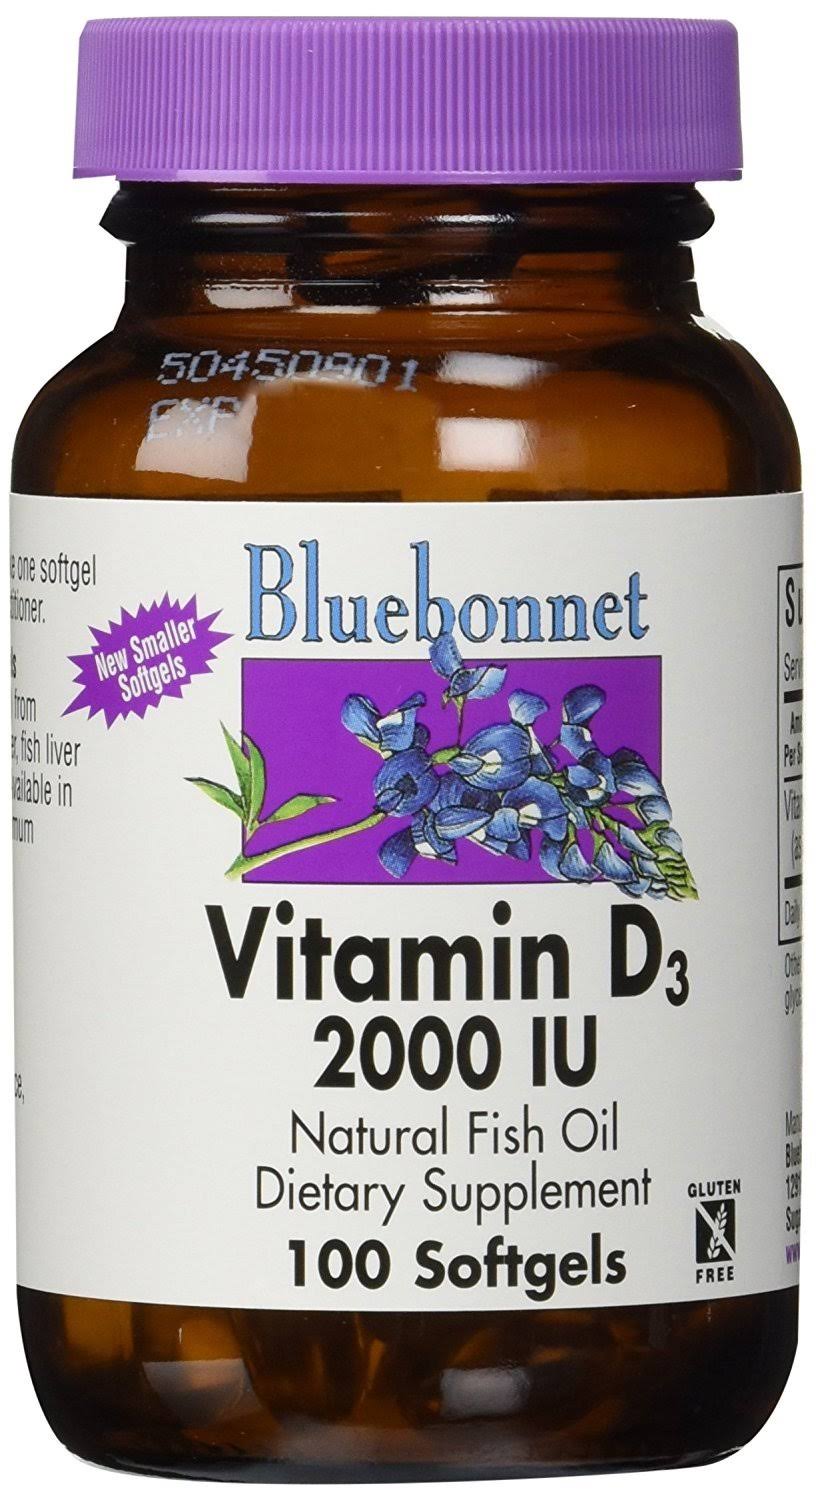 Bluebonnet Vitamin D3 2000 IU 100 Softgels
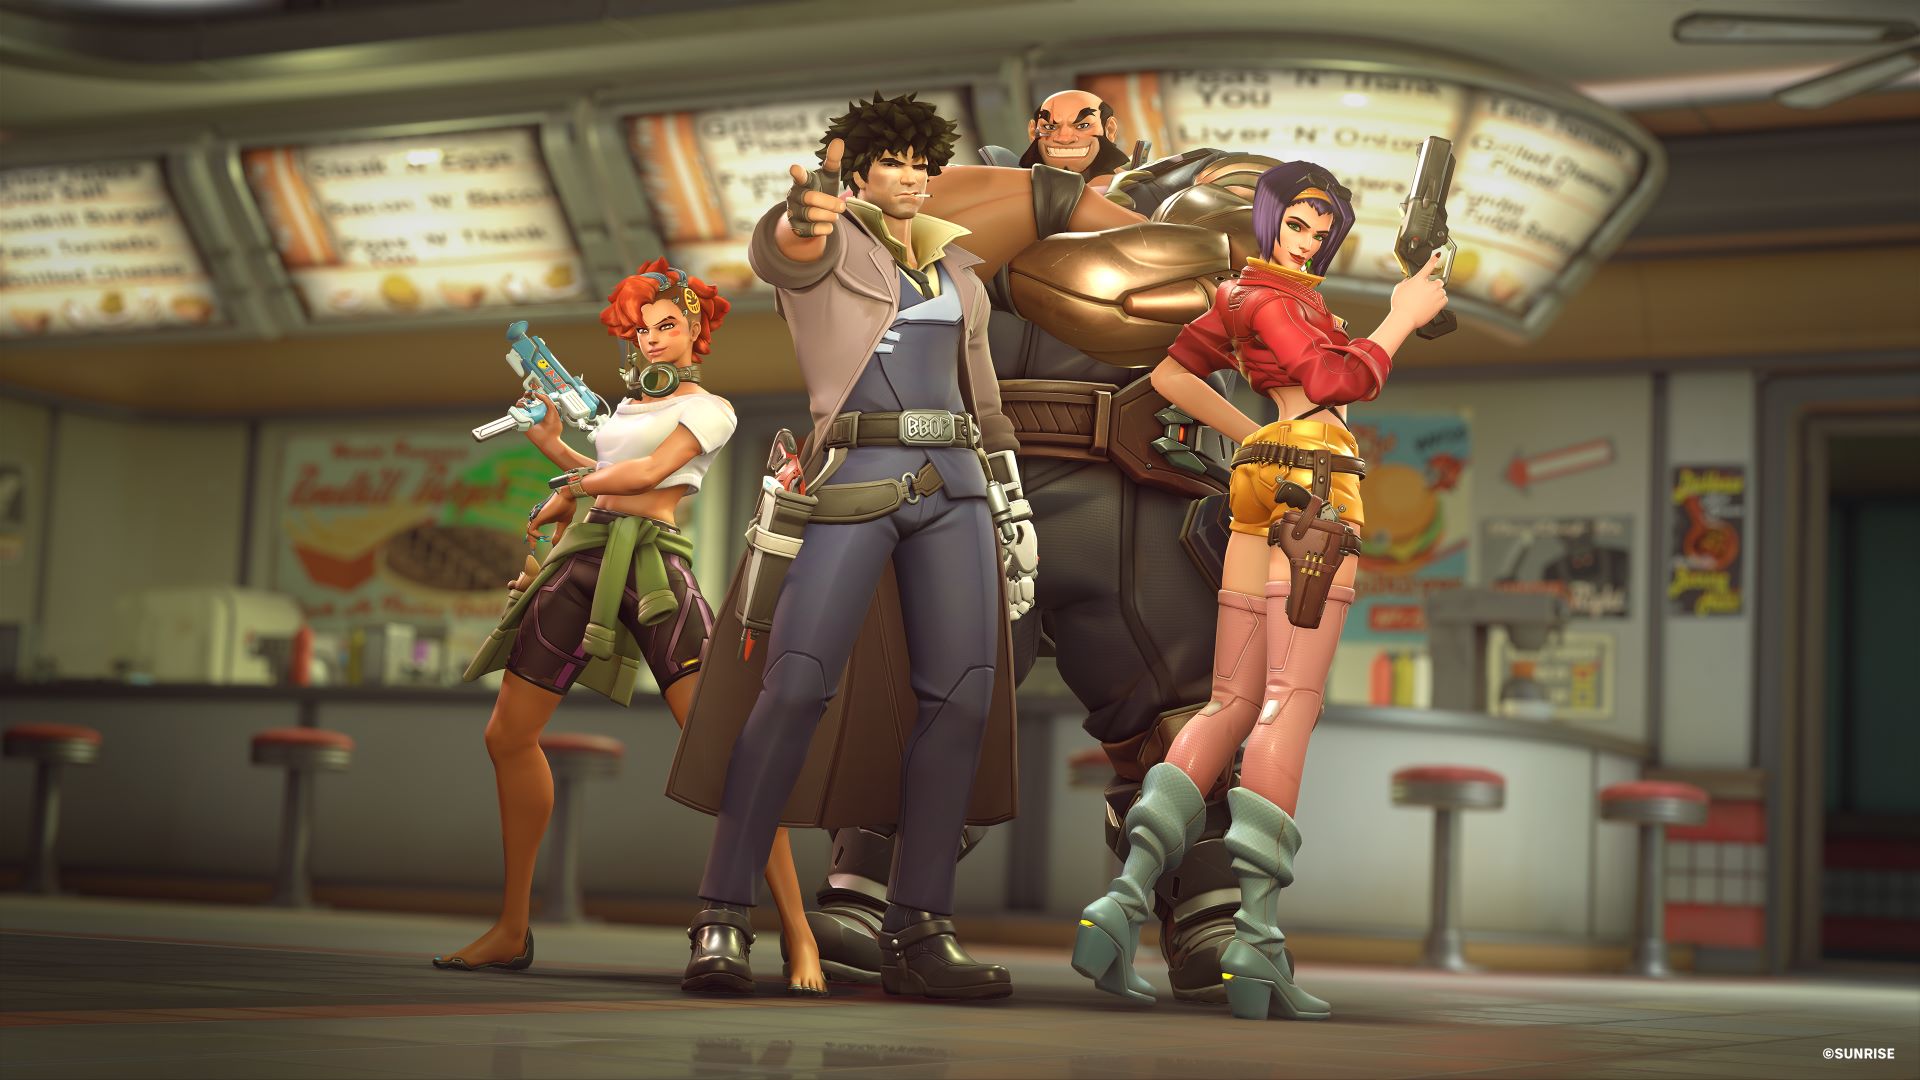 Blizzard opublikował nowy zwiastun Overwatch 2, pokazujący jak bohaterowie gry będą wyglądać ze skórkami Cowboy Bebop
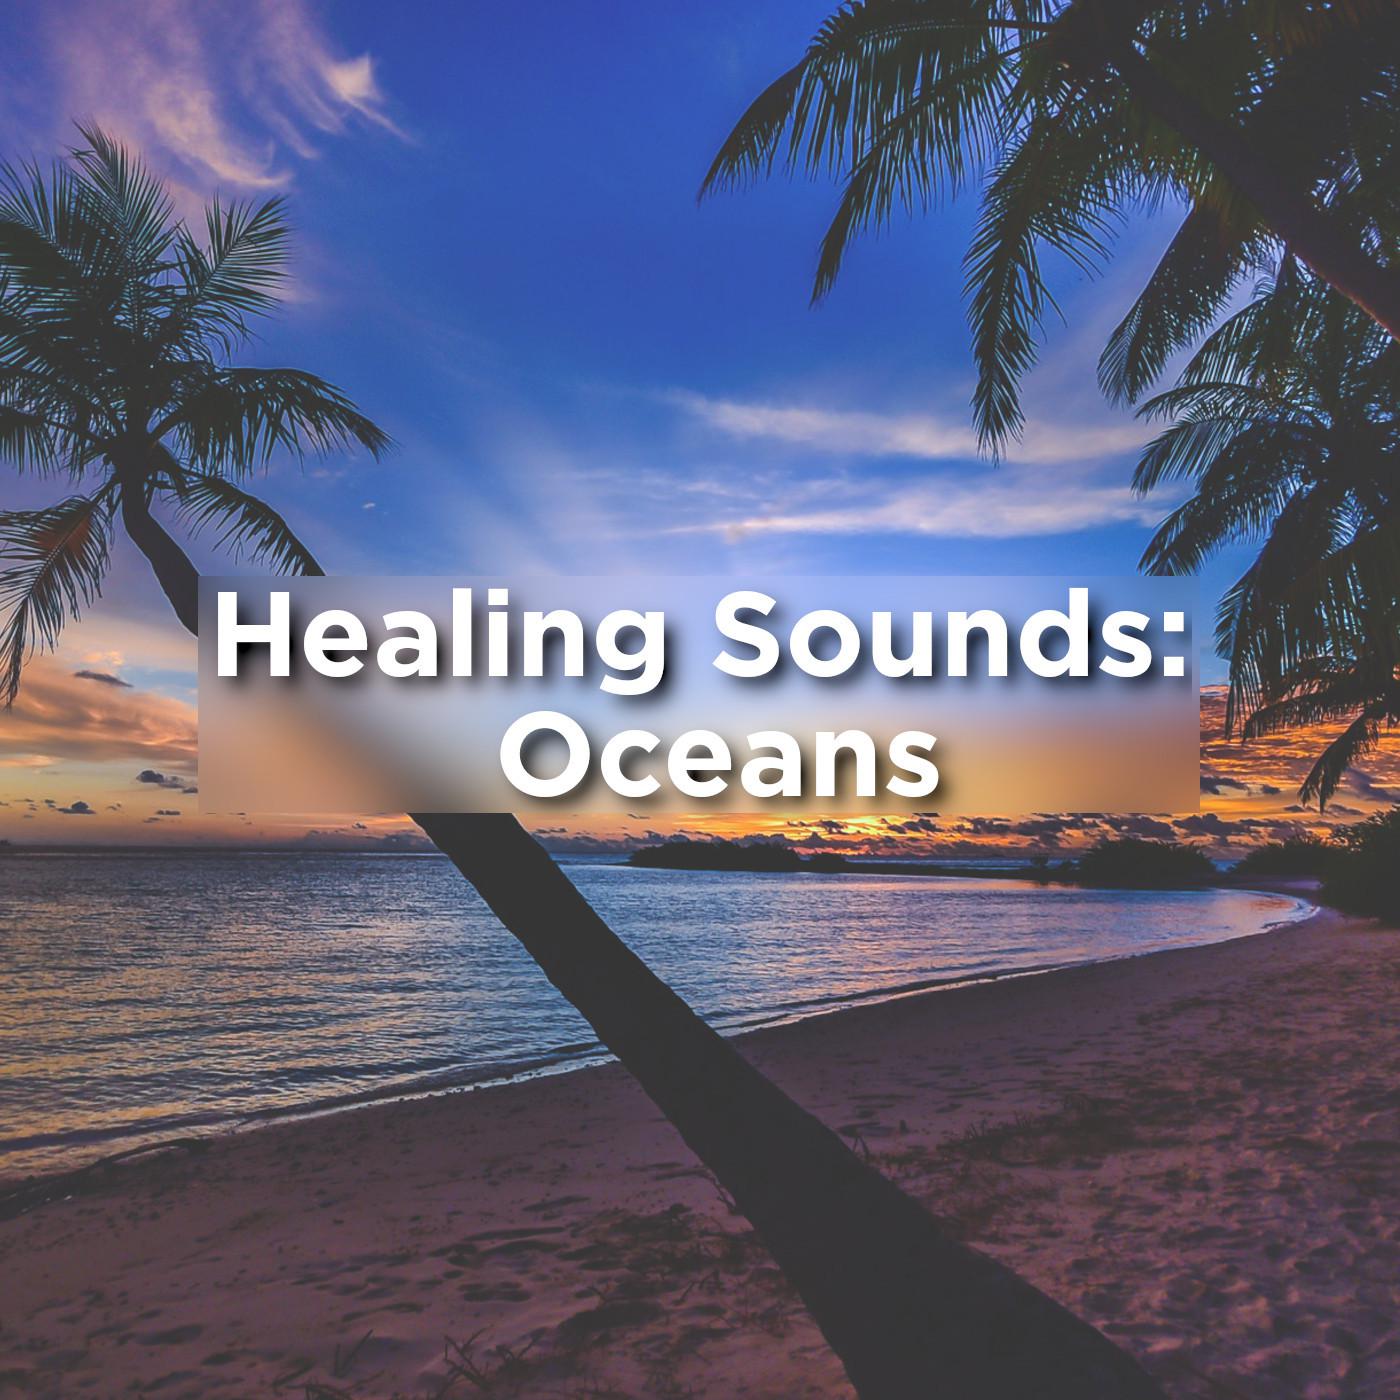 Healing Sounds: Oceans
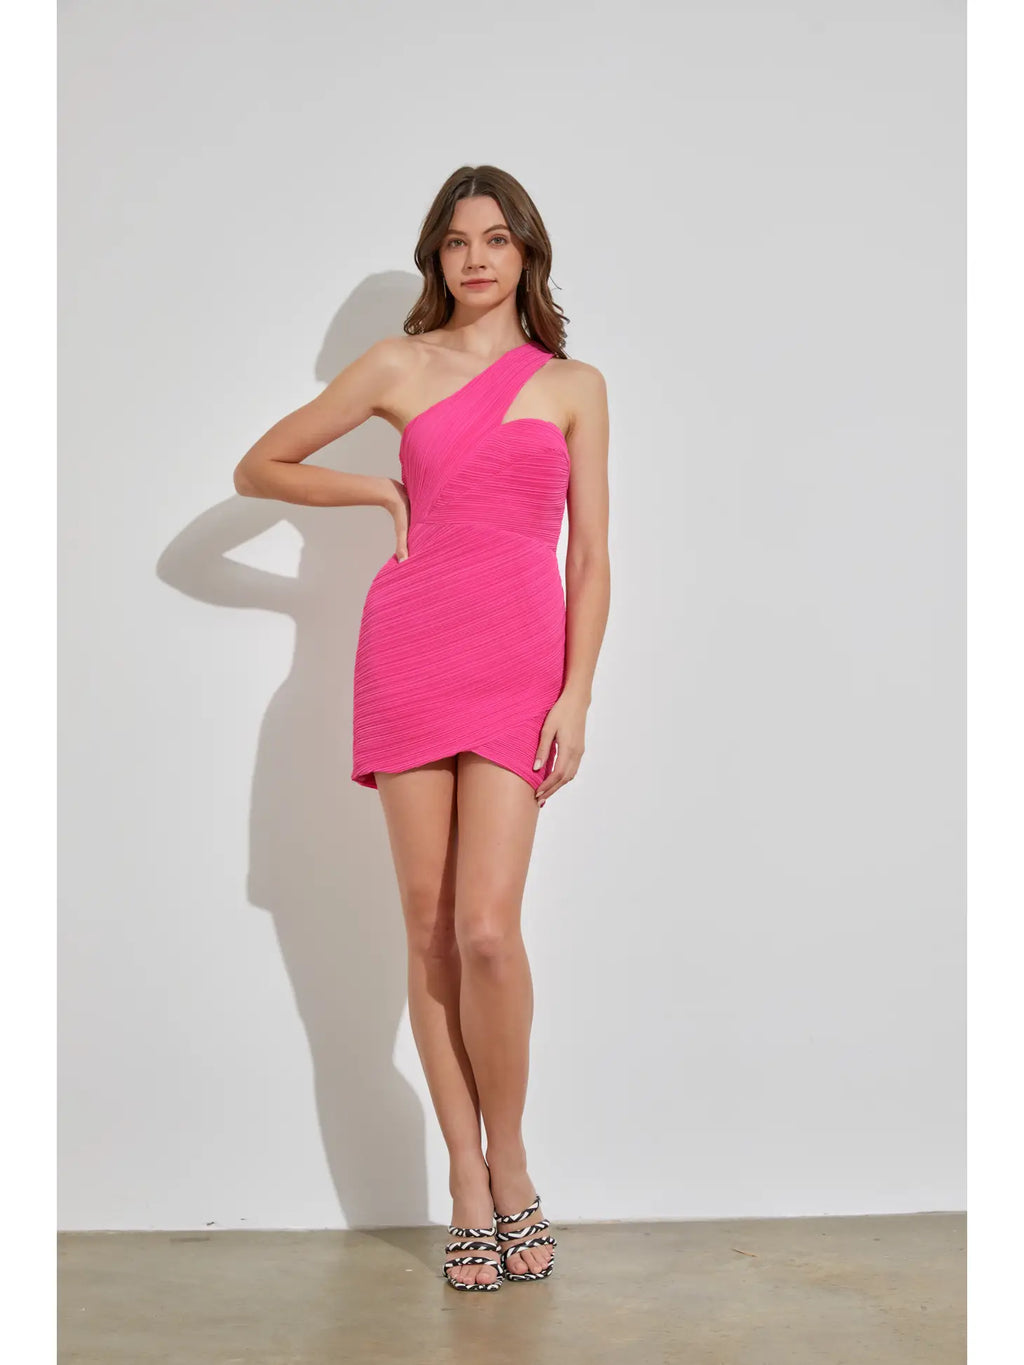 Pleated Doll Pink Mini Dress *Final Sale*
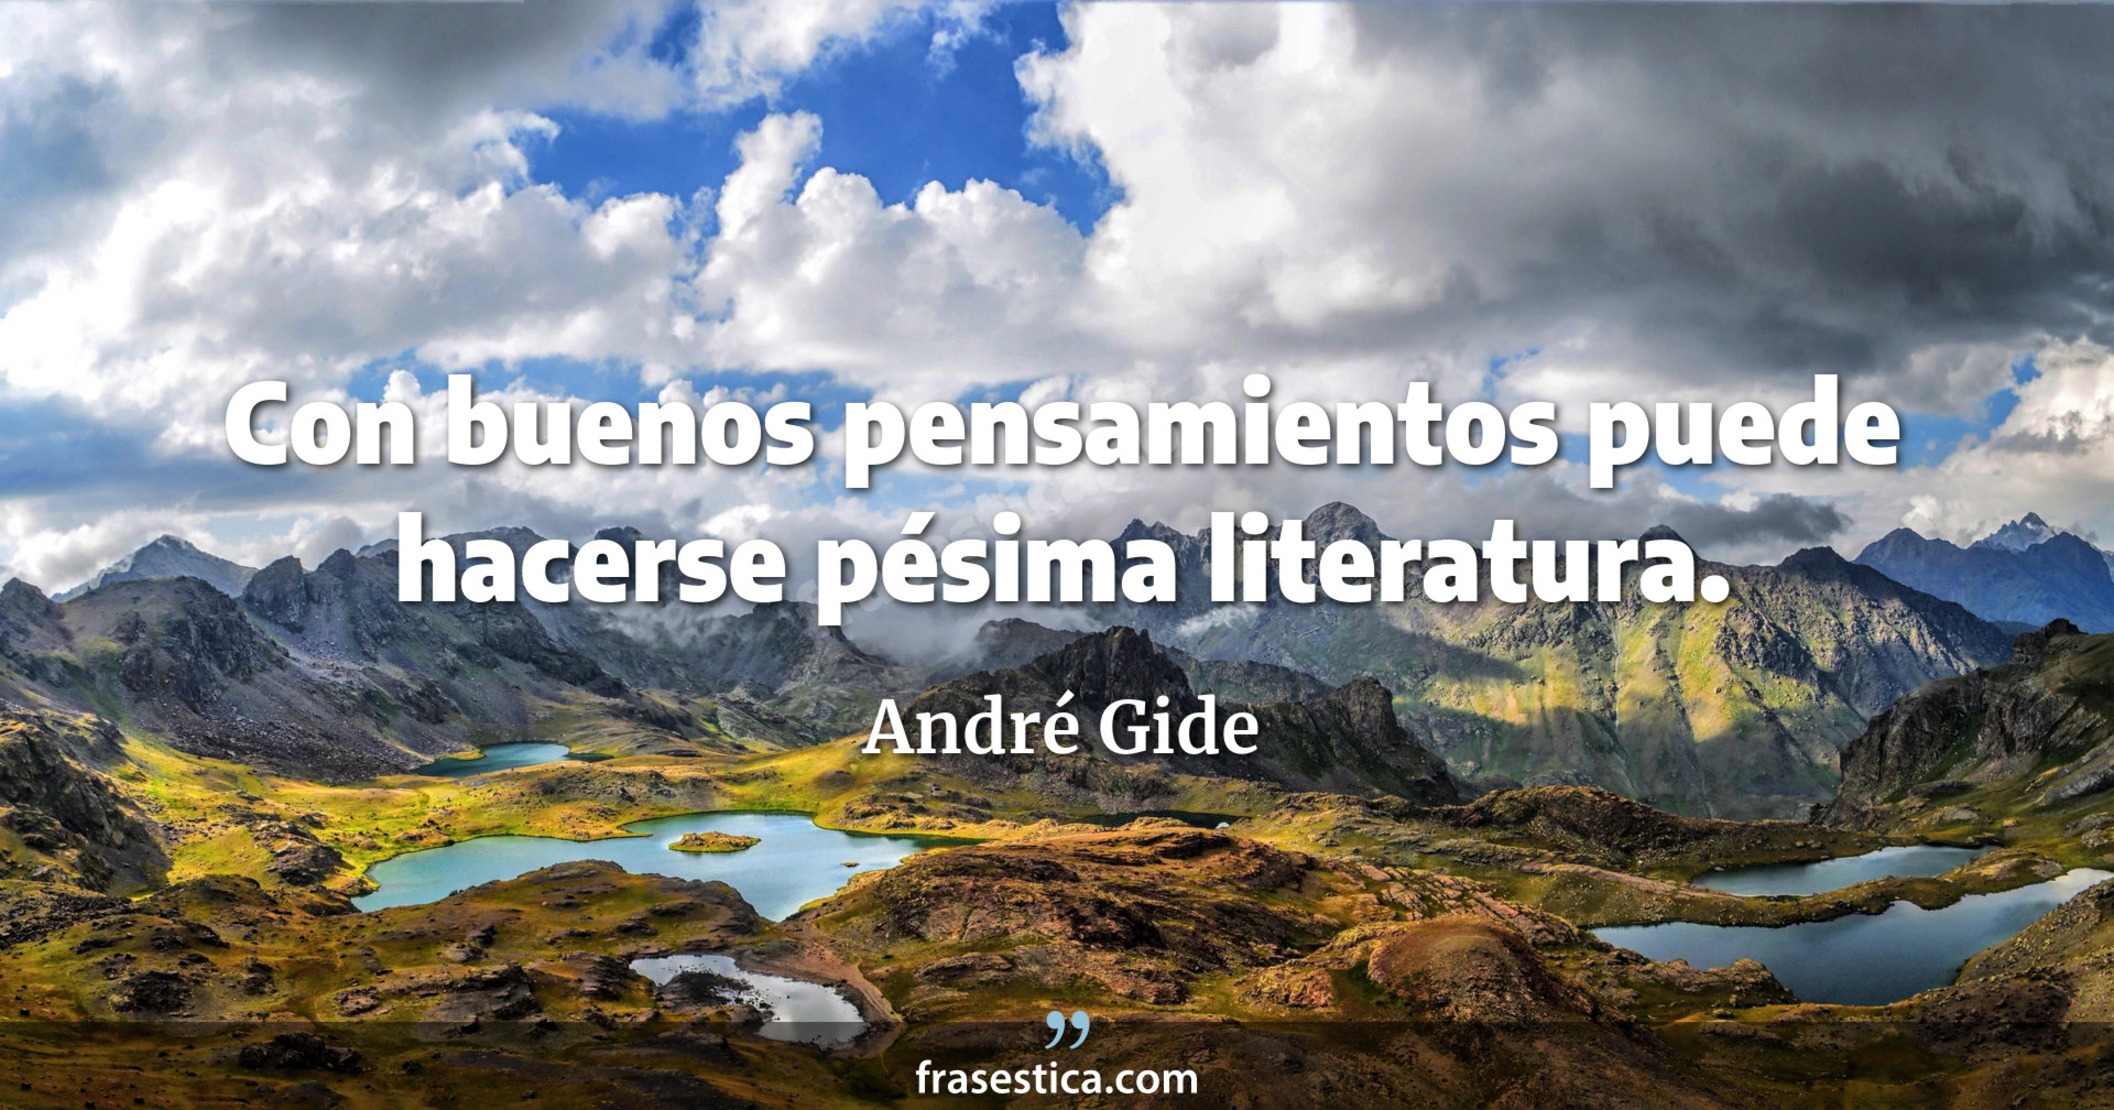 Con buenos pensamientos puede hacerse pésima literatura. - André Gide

|---|

The copy must start at the line containing "Healing Sounds: Oceans" and end at the last line of the data, matching each line exactly. It must hold no pictures.

 Healing Sounds: Oceans
 Pleated Doll Pink Mini Dress *Final Sale*
 Con buenos pensamientos puede hacerse pésima literatura. - André Gide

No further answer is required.